Records supplied below:

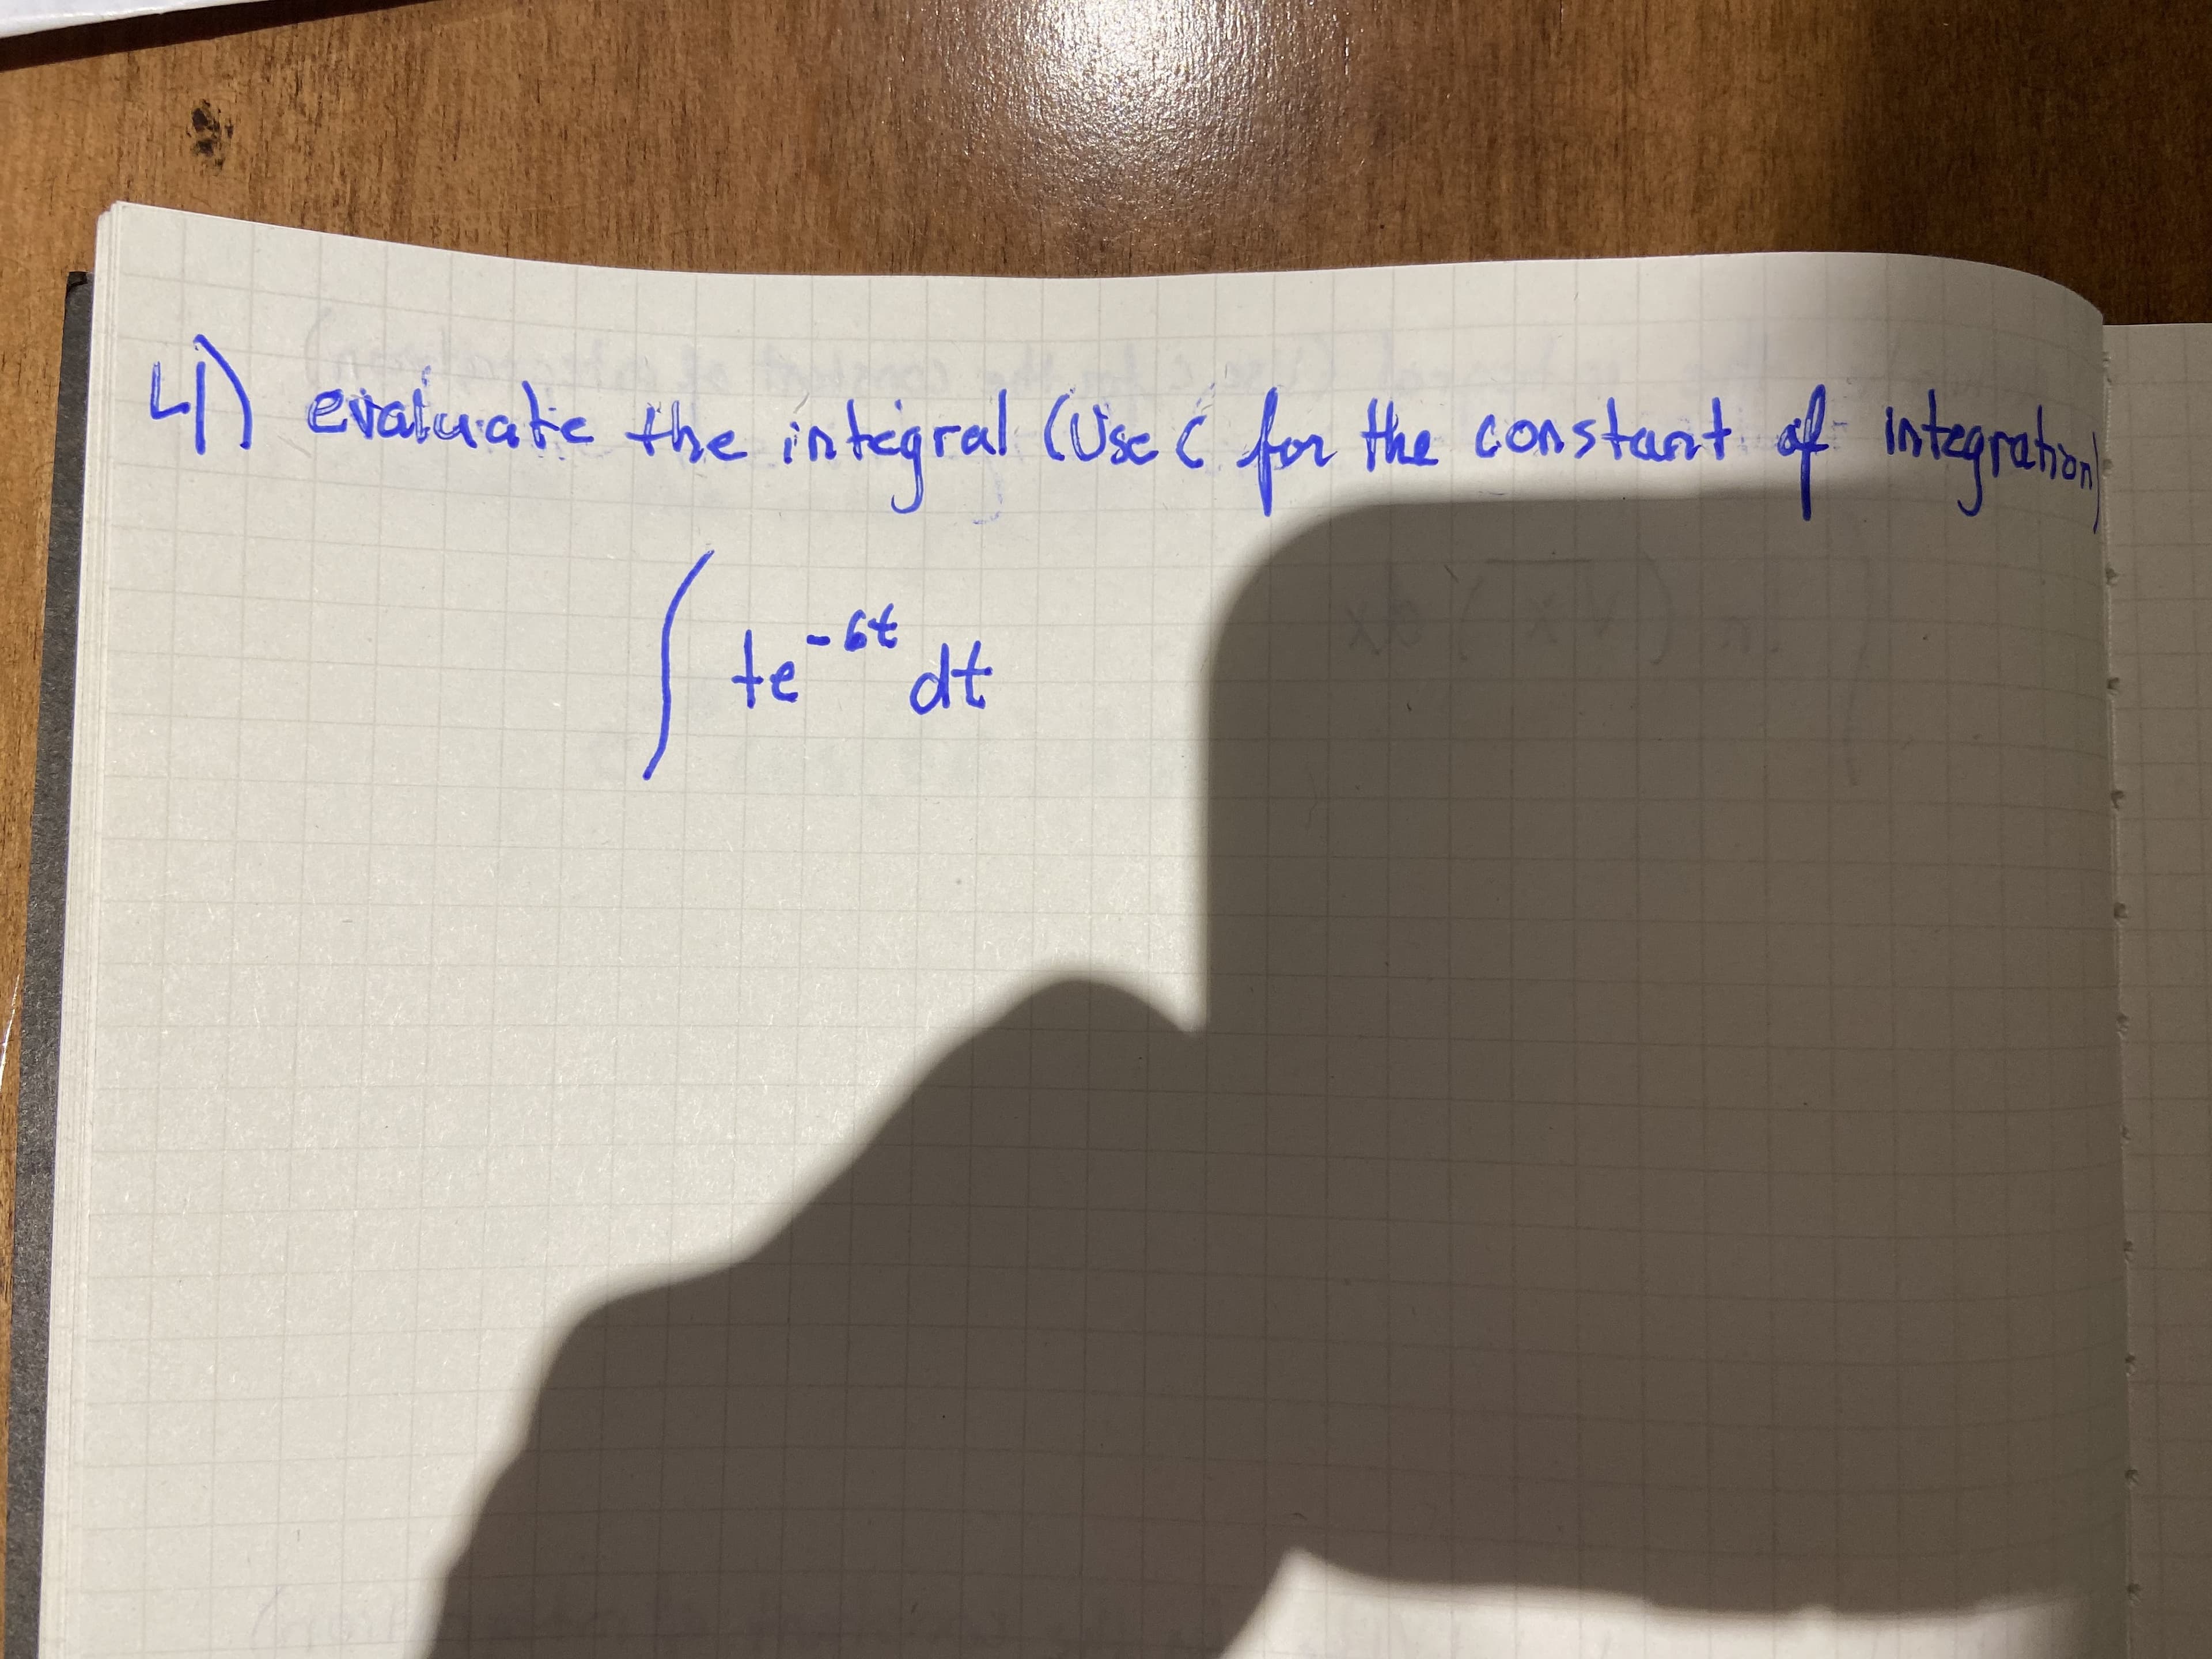 evalicuate the int
integral
(Usc ( for
integratal
the constant in
te
-6t
e dt
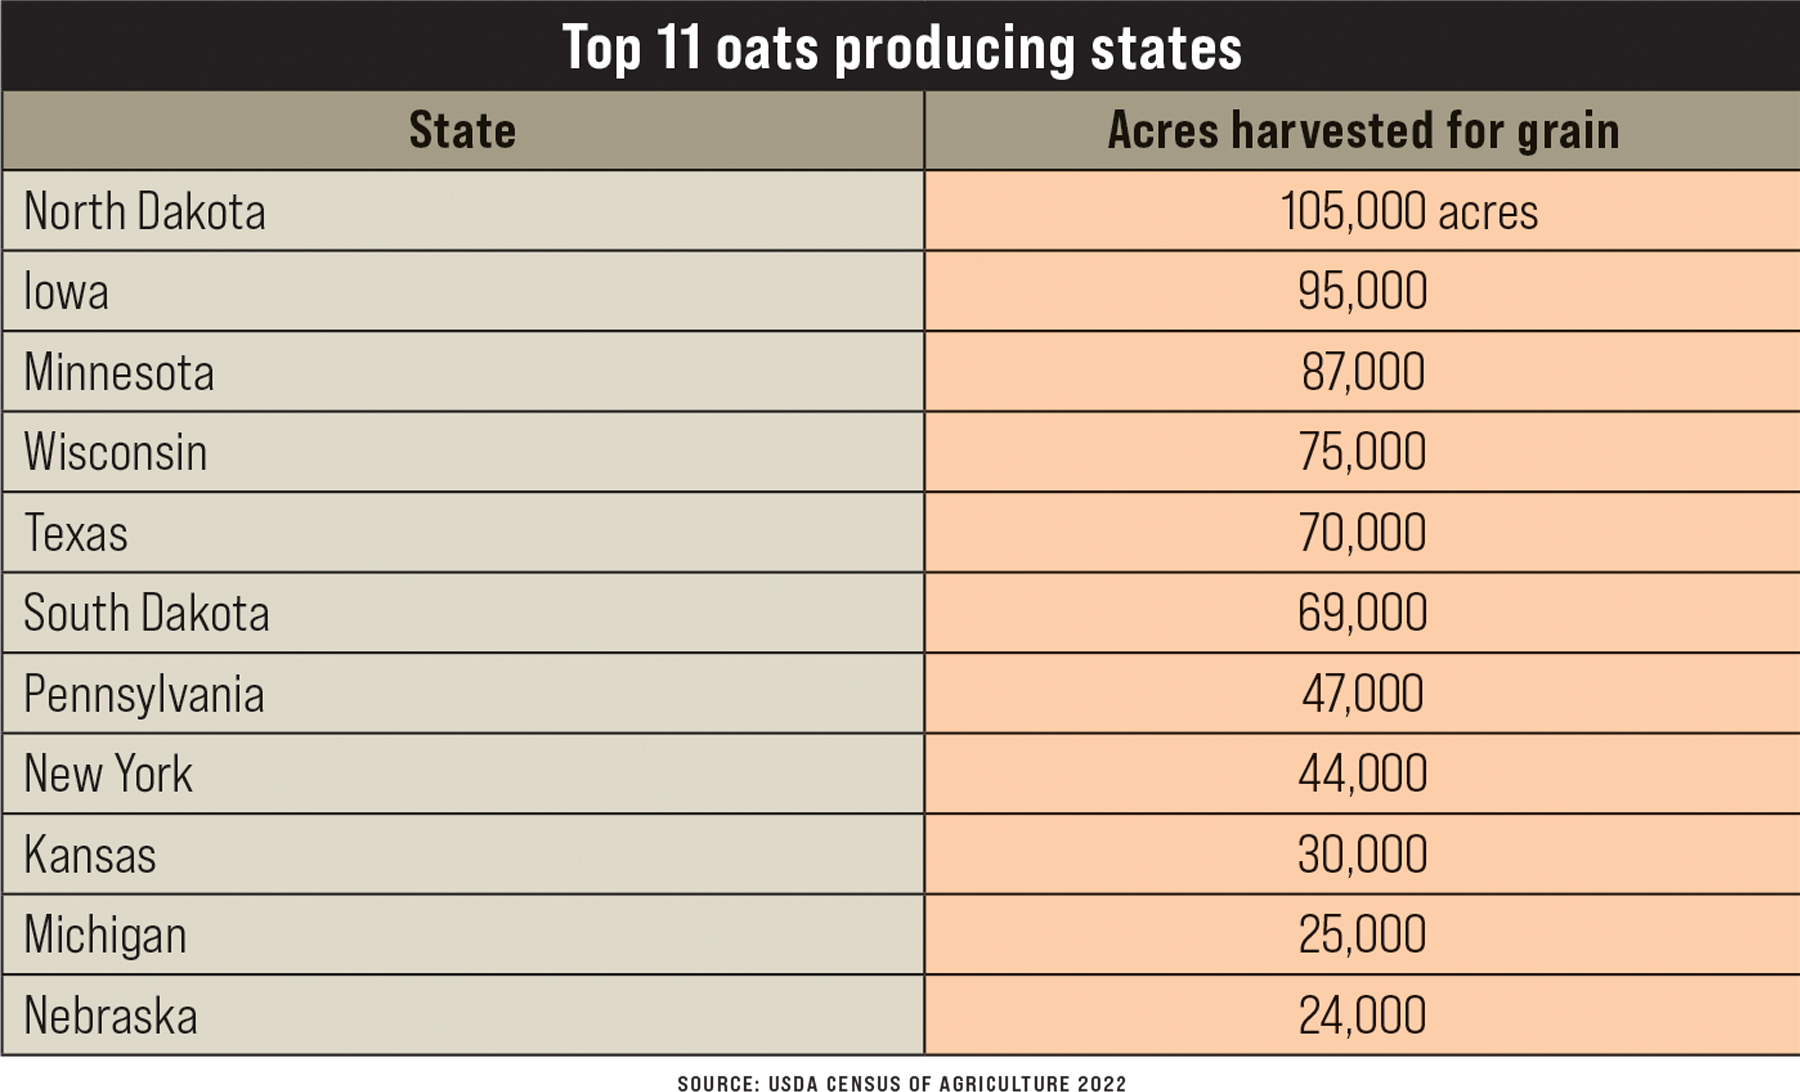 Top 11 oats producing states table
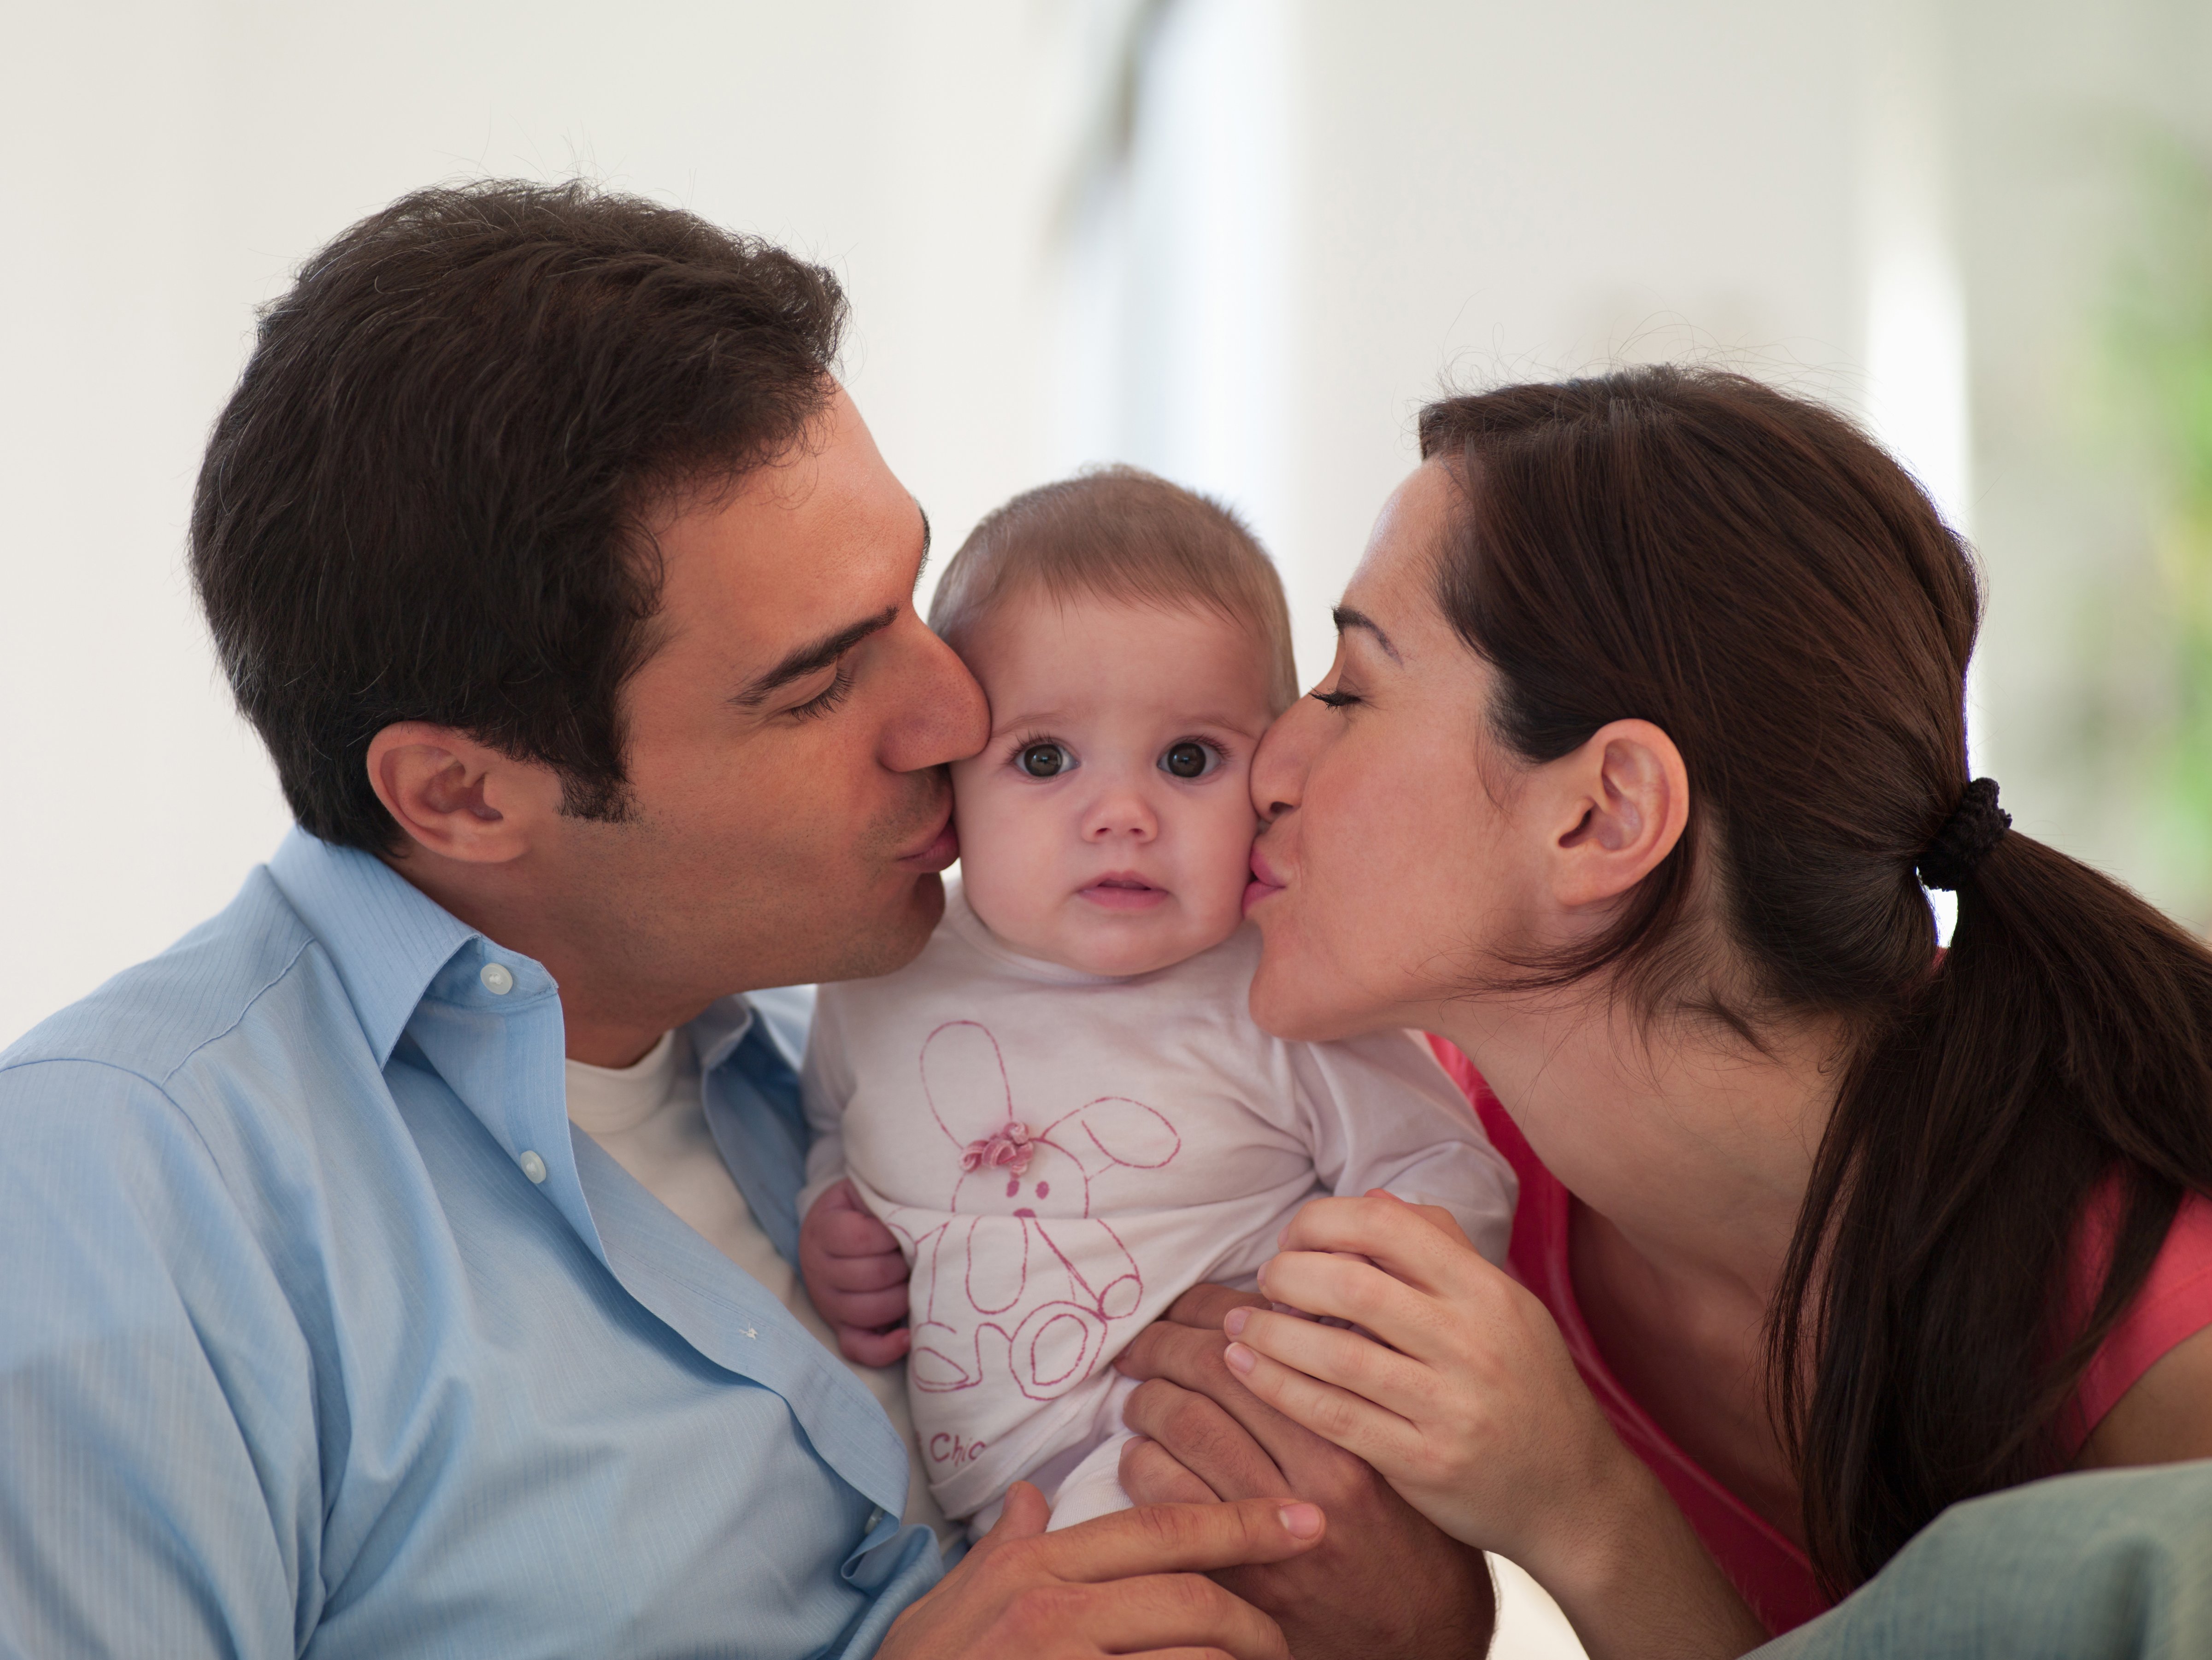 Mother and father are shown kissing their baby daughter. (Chris Ryan—OJO Images RF/Getty Images)

End of Records supplied.

● What you are asked to do:
The expected output is exactly the lines from the one containing "Top 11 oats producing states table" through the last line of the listing, both included, with every picture left out.

● Expected answer:
 Top 11 oats producing states table
 Mother and father are shown kissing their baby daughter. (Chris Ryan—OJO Images RF/Getty Images)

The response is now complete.